= Given data =
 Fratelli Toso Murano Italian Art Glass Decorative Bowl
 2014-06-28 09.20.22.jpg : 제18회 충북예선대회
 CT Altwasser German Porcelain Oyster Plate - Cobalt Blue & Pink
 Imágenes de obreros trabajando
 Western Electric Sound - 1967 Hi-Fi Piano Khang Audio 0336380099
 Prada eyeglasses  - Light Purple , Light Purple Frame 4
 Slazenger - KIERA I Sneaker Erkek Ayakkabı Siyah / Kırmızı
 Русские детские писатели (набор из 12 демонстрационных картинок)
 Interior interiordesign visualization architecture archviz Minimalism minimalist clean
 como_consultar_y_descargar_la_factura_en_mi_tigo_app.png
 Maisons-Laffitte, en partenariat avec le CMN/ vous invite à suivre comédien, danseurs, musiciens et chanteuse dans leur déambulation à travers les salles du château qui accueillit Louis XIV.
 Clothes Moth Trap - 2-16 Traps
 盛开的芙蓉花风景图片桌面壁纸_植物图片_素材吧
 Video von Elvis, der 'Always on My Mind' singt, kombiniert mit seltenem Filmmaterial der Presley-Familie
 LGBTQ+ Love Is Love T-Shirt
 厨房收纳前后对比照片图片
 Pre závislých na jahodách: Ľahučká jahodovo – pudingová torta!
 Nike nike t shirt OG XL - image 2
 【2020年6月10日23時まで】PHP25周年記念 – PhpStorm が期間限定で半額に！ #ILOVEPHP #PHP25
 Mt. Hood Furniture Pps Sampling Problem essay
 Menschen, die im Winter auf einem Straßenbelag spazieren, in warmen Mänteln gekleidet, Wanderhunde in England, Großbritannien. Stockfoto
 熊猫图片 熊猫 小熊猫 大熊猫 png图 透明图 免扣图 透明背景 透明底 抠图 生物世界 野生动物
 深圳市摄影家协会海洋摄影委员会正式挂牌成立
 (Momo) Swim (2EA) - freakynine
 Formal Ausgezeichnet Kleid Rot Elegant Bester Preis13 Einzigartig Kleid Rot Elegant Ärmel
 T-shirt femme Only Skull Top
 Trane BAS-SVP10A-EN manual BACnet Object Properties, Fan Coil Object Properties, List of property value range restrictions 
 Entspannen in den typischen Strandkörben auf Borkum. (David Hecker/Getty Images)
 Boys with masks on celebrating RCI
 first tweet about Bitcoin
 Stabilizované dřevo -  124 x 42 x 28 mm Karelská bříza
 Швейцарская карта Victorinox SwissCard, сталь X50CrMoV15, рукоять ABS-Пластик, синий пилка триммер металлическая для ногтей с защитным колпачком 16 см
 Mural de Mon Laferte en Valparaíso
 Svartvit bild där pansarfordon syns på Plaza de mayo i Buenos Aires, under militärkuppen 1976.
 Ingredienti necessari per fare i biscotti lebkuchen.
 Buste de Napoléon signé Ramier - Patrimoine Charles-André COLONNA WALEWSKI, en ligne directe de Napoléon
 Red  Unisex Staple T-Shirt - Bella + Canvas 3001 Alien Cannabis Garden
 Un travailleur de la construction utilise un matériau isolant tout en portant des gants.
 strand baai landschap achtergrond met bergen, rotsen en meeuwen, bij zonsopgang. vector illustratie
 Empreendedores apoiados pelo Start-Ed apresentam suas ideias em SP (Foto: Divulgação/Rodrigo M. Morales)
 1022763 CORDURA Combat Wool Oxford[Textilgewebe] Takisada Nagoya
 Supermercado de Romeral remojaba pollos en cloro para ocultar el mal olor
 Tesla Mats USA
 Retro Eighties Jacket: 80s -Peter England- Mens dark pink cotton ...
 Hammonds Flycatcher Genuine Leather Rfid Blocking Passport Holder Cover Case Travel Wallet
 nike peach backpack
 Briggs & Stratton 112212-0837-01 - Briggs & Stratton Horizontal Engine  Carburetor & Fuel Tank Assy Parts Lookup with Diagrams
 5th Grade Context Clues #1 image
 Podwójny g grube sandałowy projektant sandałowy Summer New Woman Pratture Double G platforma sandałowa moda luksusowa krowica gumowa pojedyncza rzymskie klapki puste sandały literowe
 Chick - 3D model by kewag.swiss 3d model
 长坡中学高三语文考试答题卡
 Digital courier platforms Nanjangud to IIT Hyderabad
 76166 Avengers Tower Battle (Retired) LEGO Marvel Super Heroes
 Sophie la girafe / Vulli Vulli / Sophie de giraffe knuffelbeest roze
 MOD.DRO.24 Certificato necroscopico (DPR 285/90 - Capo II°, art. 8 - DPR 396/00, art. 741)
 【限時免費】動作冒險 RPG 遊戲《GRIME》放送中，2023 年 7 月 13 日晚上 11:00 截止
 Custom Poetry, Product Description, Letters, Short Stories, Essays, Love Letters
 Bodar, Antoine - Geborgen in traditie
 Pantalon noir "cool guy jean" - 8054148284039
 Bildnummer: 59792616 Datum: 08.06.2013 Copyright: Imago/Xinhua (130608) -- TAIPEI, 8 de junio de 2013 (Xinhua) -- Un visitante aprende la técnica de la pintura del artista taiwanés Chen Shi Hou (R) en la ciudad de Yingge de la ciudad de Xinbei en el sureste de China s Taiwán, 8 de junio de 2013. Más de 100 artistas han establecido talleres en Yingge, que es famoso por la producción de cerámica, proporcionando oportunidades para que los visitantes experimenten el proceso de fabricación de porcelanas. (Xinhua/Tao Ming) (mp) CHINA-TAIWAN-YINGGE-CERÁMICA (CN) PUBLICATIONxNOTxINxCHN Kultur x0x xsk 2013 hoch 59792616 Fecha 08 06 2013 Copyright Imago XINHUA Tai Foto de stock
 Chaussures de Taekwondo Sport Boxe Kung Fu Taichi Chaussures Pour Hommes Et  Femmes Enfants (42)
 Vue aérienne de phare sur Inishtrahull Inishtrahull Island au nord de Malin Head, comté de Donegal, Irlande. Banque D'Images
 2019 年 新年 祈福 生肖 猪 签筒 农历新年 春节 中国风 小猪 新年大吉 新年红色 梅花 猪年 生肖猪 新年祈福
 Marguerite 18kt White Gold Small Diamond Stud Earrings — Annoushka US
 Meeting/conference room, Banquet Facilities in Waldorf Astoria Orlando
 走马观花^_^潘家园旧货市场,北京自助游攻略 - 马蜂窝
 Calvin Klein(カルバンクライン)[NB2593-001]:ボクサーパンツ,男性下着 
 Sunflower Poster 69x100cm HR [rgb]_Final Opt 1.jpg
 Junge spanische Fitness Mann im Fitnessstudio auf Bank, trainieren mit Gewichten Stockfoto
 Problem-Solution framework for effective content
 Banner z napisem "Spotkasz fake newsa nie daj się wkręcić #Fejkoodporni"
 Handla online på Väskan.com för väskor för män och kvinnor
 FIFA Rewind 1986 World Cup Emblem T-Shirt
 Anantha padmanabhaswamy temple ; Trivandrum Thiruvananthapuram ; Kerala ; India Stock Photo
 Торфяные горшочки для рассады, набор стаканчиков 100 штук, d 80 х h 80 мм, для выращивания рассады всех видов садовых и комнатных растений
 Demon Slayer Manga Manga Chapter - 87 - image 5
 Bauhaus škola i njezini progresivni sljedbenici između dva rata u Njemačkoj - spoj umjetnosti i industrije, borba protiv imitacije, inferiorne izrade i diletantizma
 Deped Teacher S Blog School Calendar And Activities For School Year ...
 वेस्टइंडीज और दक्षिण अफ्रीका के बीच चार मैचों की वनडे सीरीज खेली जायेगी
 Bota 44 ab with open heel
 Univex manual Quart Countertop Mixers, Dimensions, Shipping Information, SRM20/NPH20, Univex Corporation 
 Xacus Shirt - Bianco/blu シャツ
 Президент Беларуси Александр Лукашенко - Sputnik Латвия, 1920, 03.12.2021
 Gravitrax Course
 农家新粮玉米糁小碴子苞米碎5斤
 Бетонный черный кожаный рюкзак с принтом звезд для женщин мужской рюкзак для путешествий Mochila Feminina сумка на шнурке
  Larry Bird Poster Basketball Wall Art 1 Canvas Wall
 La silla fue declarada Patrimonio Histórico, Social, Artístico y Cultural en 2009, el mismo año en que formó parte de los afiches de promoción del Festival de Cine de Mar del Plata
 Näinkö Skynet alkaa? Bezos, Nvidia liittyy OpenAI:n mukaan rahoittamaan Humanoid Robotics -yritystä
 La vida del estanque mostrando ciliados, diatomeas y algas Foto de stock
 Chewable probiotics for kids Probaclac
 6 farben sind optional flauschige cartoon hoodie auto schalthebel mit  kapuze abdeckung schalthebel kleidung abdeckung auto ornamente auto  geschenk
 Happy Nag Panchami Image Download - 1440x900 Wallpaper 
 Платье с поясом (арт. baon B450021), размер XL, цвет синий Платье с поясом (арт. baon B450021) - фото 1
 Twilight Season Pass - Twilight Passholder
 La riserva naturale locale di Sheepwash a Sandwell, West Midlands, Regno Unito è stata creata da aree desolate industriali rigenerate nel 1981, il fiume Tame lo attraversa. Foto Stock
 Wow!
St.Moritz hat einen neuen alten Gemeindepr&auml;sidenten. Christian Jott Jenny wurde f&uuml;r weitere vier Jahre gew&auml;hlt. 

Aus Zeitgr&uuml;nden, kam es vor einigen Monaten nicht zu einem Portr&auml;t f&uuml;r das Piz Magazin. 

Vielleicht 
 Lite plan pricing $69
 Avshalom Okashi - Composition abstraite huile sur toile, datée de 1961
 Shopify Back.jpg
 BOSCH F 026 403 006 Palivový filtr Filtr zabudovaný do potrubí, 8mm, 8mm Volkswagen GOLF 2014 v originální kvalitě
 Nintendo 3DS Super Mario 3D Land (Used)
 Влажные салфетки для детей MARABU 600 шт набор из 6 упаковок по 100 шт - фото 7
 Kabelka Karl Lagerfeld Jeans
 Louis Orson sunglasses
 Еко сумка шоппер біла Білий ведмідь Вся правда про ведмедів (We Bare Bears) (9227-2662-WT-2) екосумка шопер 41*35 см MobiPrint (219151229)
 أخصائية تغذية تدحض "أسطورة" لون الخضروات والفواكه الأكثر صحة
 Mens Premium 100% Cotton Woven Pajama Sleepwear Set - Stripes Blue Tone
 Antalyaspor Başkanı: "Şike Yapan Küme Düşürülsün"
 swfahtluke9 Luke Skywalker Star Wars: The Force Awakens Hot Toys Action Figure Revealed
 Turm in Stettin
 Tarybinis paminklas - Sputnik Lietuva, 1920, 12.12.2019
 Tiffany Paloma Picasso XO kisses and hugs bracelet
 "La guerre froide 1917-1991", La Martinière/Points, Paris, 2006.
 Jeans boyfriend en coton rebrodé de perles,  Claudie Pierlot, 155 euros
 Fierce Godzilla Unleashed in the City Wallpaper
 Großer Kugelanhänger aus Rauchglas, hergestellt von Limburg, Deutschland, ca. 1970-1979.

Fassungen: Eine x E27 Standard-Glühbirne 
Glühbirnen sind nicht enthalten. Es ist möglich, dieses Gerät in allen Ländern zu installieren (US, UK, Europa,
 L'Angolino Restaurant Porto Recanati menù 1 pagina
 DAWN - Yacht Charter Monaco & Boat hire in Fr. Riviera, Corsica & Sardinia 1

= Task brief =
Among the preceding records, how many lines include the word "синий"? Reply with the number only.

= Written answer =
2